The role of Directors during Insolvent Liquidation

An experienced professional man examining company records and files in an office, illustrating the active role and legal obligations of a director during the liquidation process.

If your company is insolvent and you’re wondering what will happen to you as a director, this page explains your role in the process, including what’s expected of you and things that should be avoided. If you’re worried about your company’s financial situation or you’d like to discuss your role as a director in more detail, contact us today for a confidential discussion. 

What happens to a director of a company in liquidation?

As a director, you have a fiduciary duty to act in the best interests of your company and its members. But when a company enters into insolvent liquidation, the role of a company director changes very quickly, and you must prioritise the interests of creditors instead. 

Directors hand over control to a licensed insolvency practitioner (IP), whose job throughout the process is to act in the best interests of creditors rather than shareholders. Directors are still involved in the process, though, as they will need to cooperate with the liquidator, hand over records and assets, and answer their questions as part of the investigation. 

Most directors who have acted responsibly will be free to move on after the liquidation. However, if the liquidator finds evidence of misconduct, for example, the director continued to trade knowing the company was insolvent, they could be held personally liable for the debts and made to contribute to the assets from their personal funds.

What is insolvent liquidation?

A company is insolvent when it can’t pay its debts, and insolvent liquidation is the formal process of closing that company down, selling off assets, paying creditors where possible, and dissolving the business.

There are two main routes for an insolvent liquidation: 

Creditors’ Voluntary Liquidation (CVL) – Where directors voluntarily liquidate an insolvent business.

Compulsory Liquidation – A court orders the liquidation because a creditor (usually HMRC) has filed a winding-up petition because they’re owed money from the company. 

As soon as your business begins to struggle financially, you should speak to your accountant or an insolvency expert for advice. Being forced into a compulsory liquidation limits directors’ options and may subject them to stricter regulatory scrutiny.

What are directors’ duties when a company becomes insolvent?

Directors’ duties in insolvency are defined by both common law and statute.
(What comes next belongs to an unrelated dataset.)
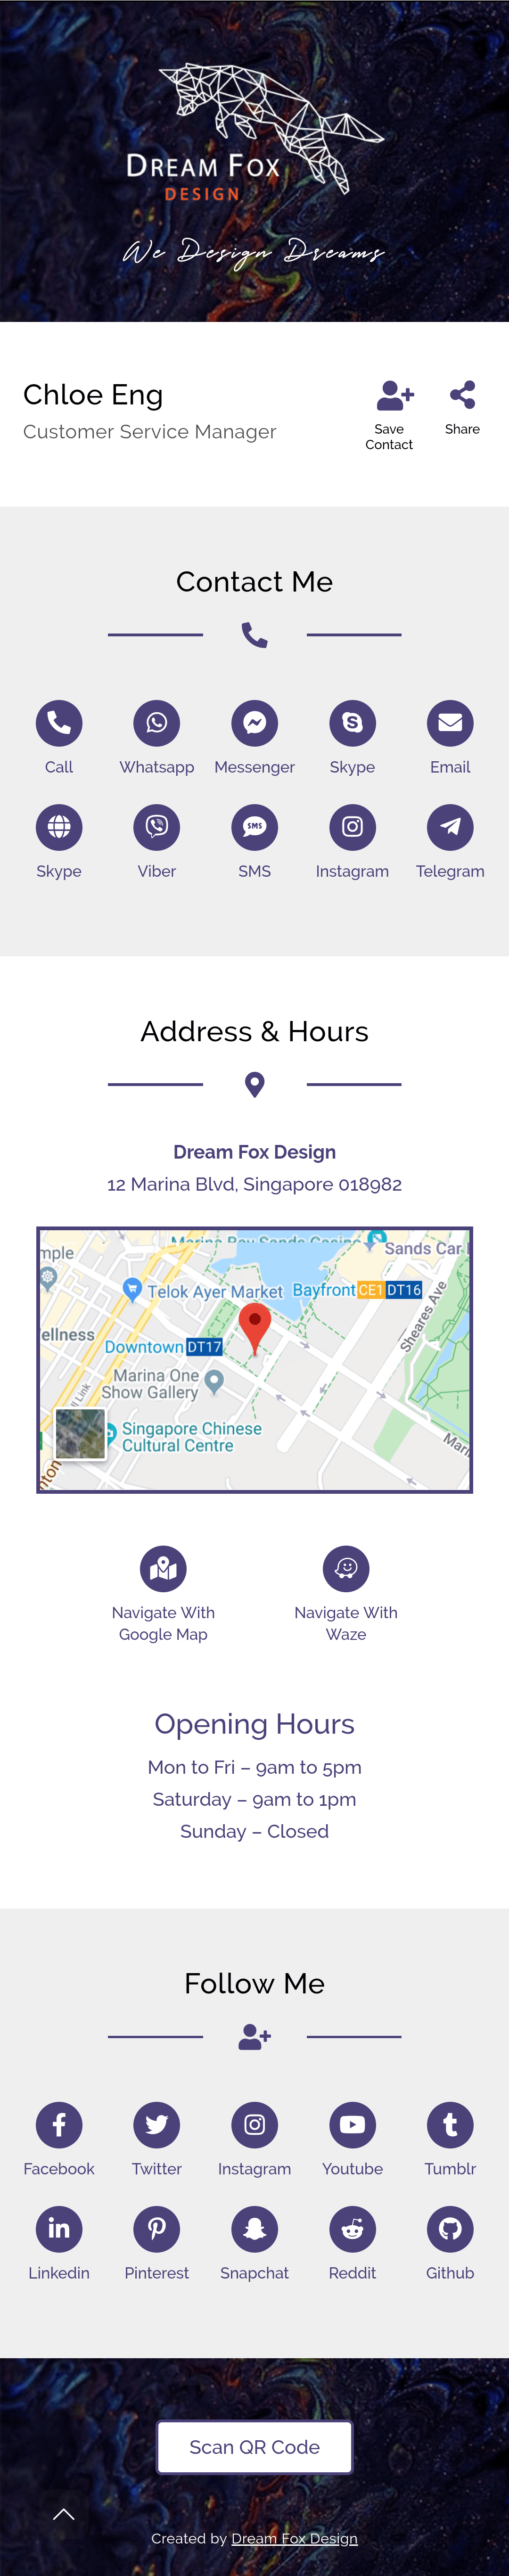 digital name card singapore customer service sample 3 - Dream Fox Design

Once your company is insolvent, your duty as a director is to cooperate with the liquidator and act in the best interests of creditors.

That means:

  • Stopping any activity that risks increasing creditor losses
  • Not taking on new credit or debt you can’t repay
  • Not favouring one creditor over others
  • Keeping proper records of decisions made

These duties apply as soon as the company becomes insolvent to avoid the risk of personal liability. 
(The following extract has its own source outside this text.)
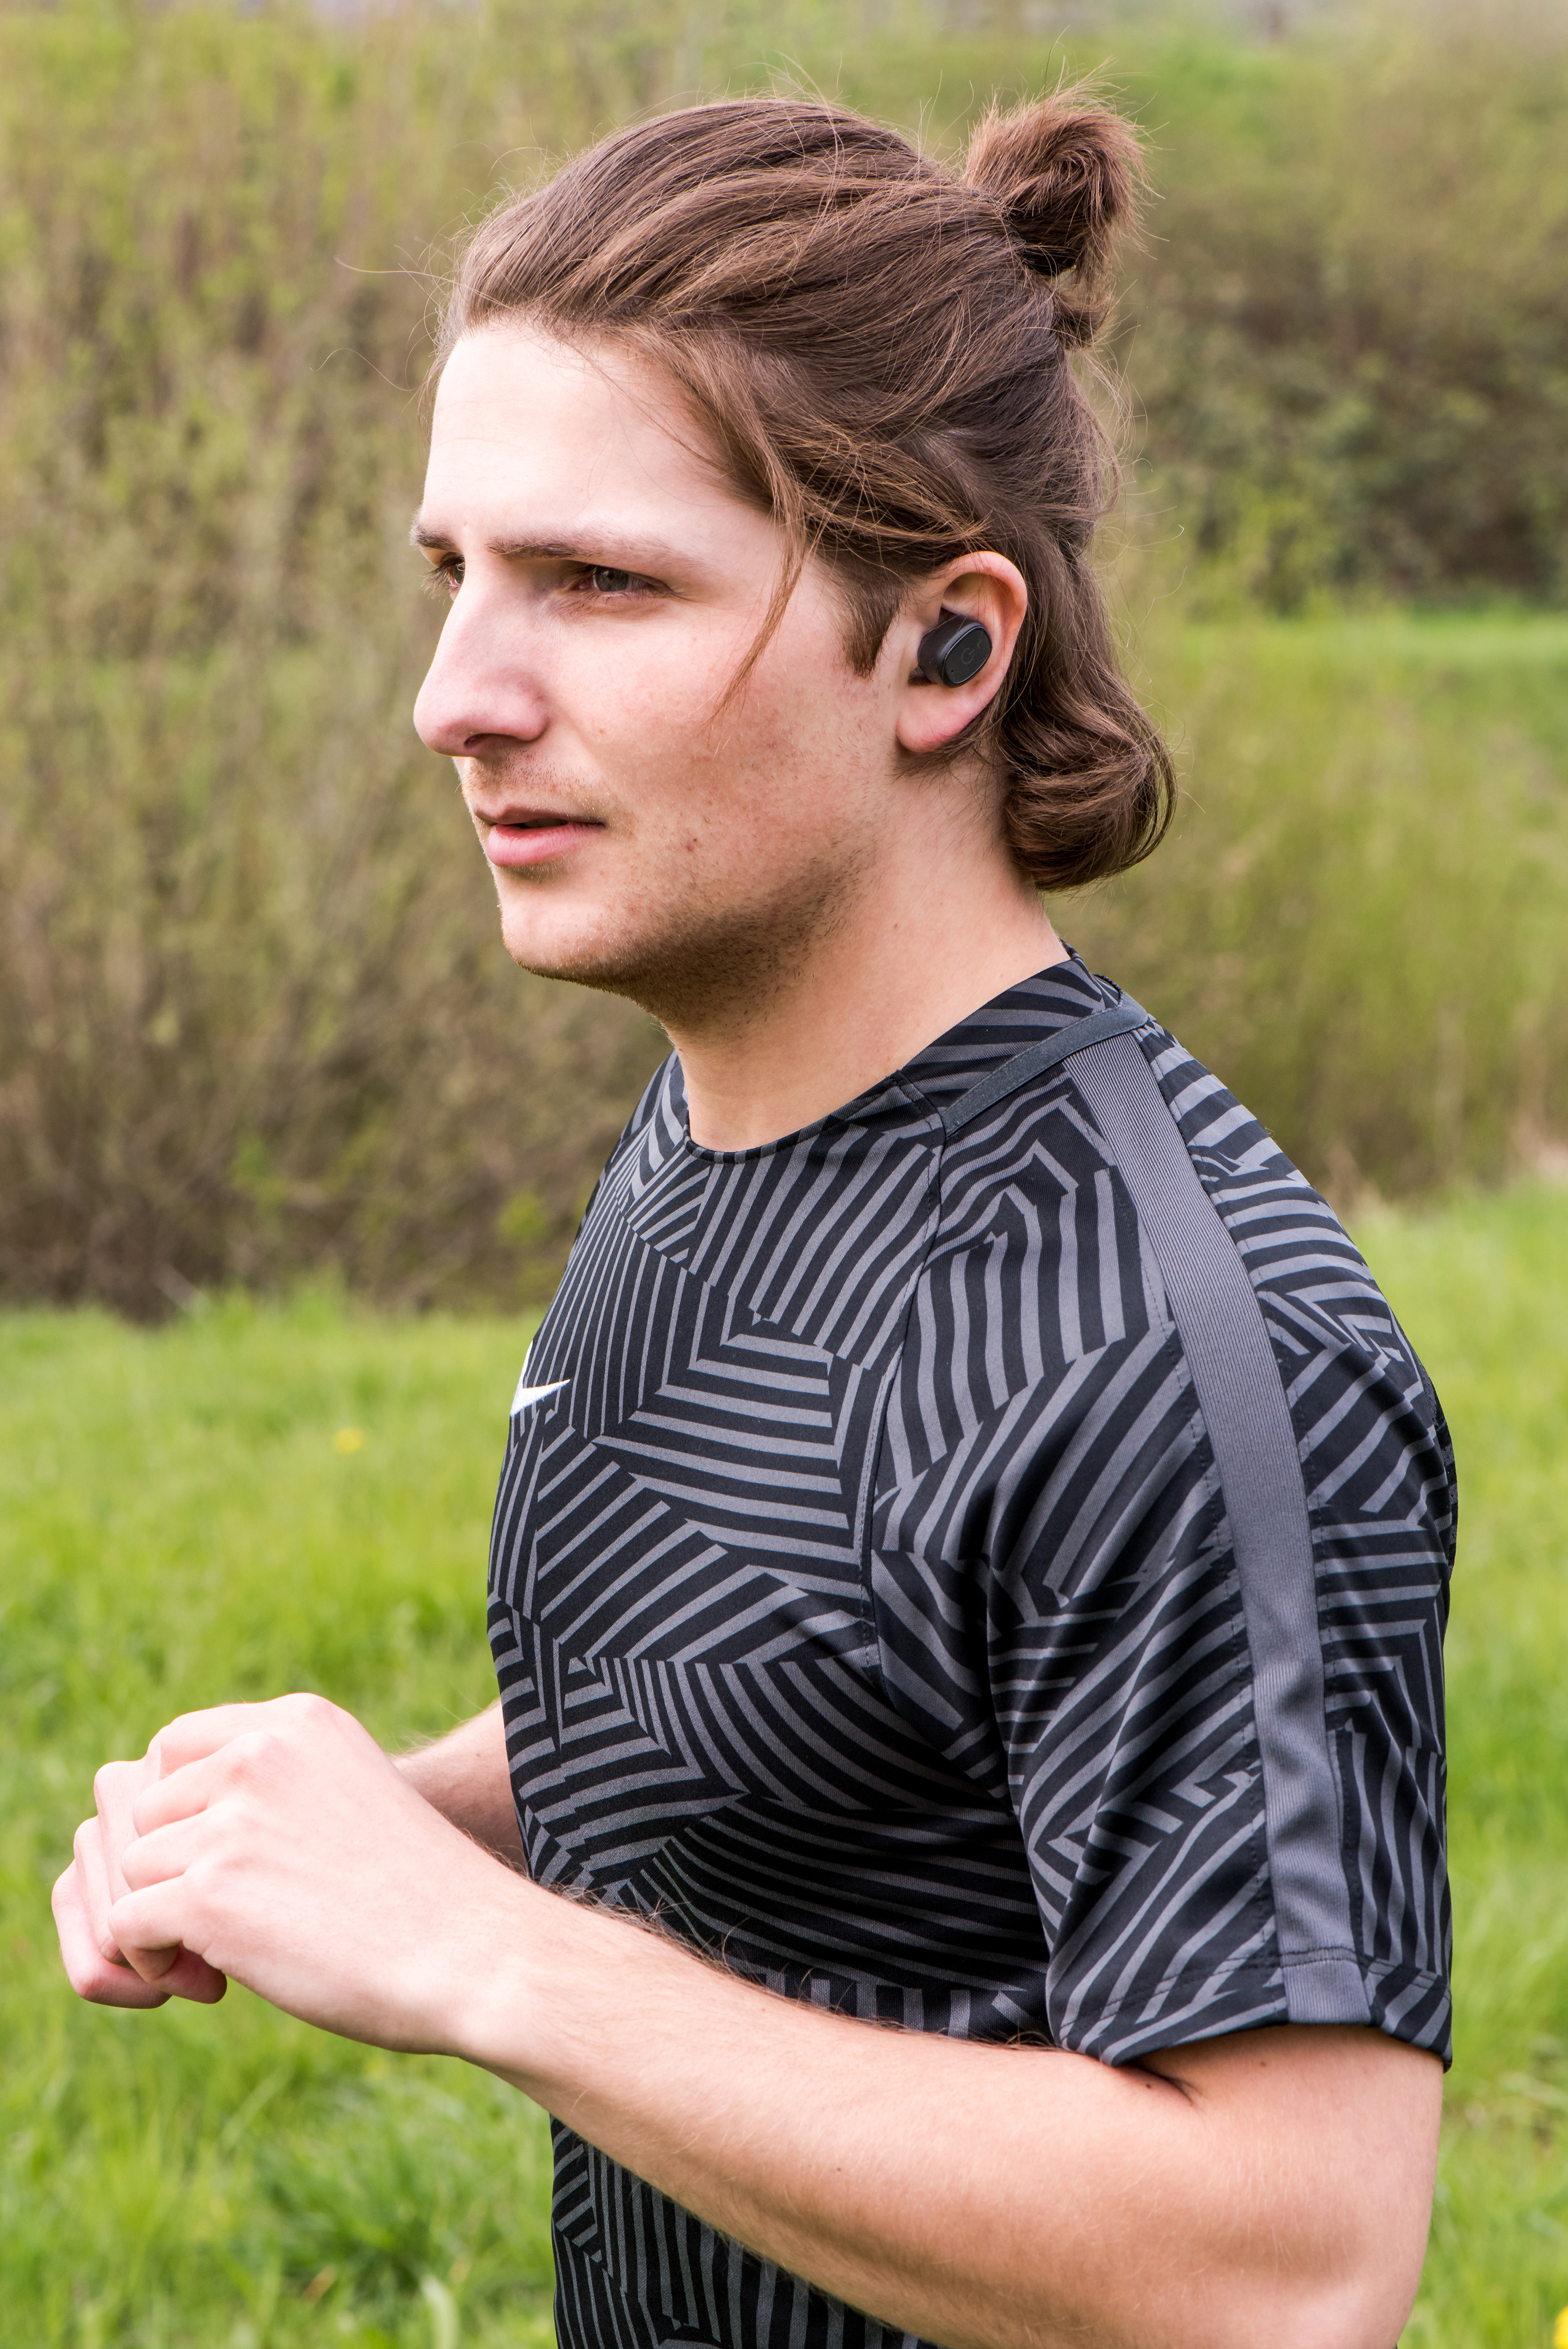 LENCO EPB-440BK, In-ear Headphone Bluetooth Schwarz Bluetooth

Compulsory liquidation and directors

What is compulsory liquidation?

Compulsory liquidation is a court-ordered process that begins when a creditor owed £750 or more has served a statutory demand that has gone unsatisfied for 21 days, allowing them to present a winding-up petition to the court.

The main difference between compulsory liquidation and a CVL is that directors don’t voluntarily enter into the process. In a CVL, directors retain some control, and they can nominate their own insolvency practitioner and act proactively to protect creditors. In compulsory liquidation, that control is lost entirely. The Official Receiver is appointed by the court, and directors have no say in who investigates the company’s affairs. 

In both situations, whilst the office-holder has a statutory duty to investigate directors’ conduct, the process in a compulsory liquidation tends to be more formal and adversarial. Taking early voluntary action through a CVL is generally viewed more favourably than being forced into compulsory liquidation by a creditor.

What happens to directors in compulsory liquidation?

During a compulsory liquidation, the Official Receiver will investigate the company’s affairs and the director’s conduct. The relevant look-back periods depend on what is being investigated, for example, two years for transactions at undervalue and six months for preferences under the Insolvency Act 1986, with wrongful trading potentially going back further.

Directors could face a higher risk of disqualification in compulsory liquidation, especially where the Official Receiver’s investigation uncovers evidence of misconduct. Personal liability is also more likely to be pursued where wrongdoing is found.

Directors who are forced into compulsory liquidation rather than taking early voluntary action may also be viewed less favourably by the Insolvency Service, as it can suggest that steps to protect creditors were not taken promptly enough.

What are the directors’ responsibilities during liquidation?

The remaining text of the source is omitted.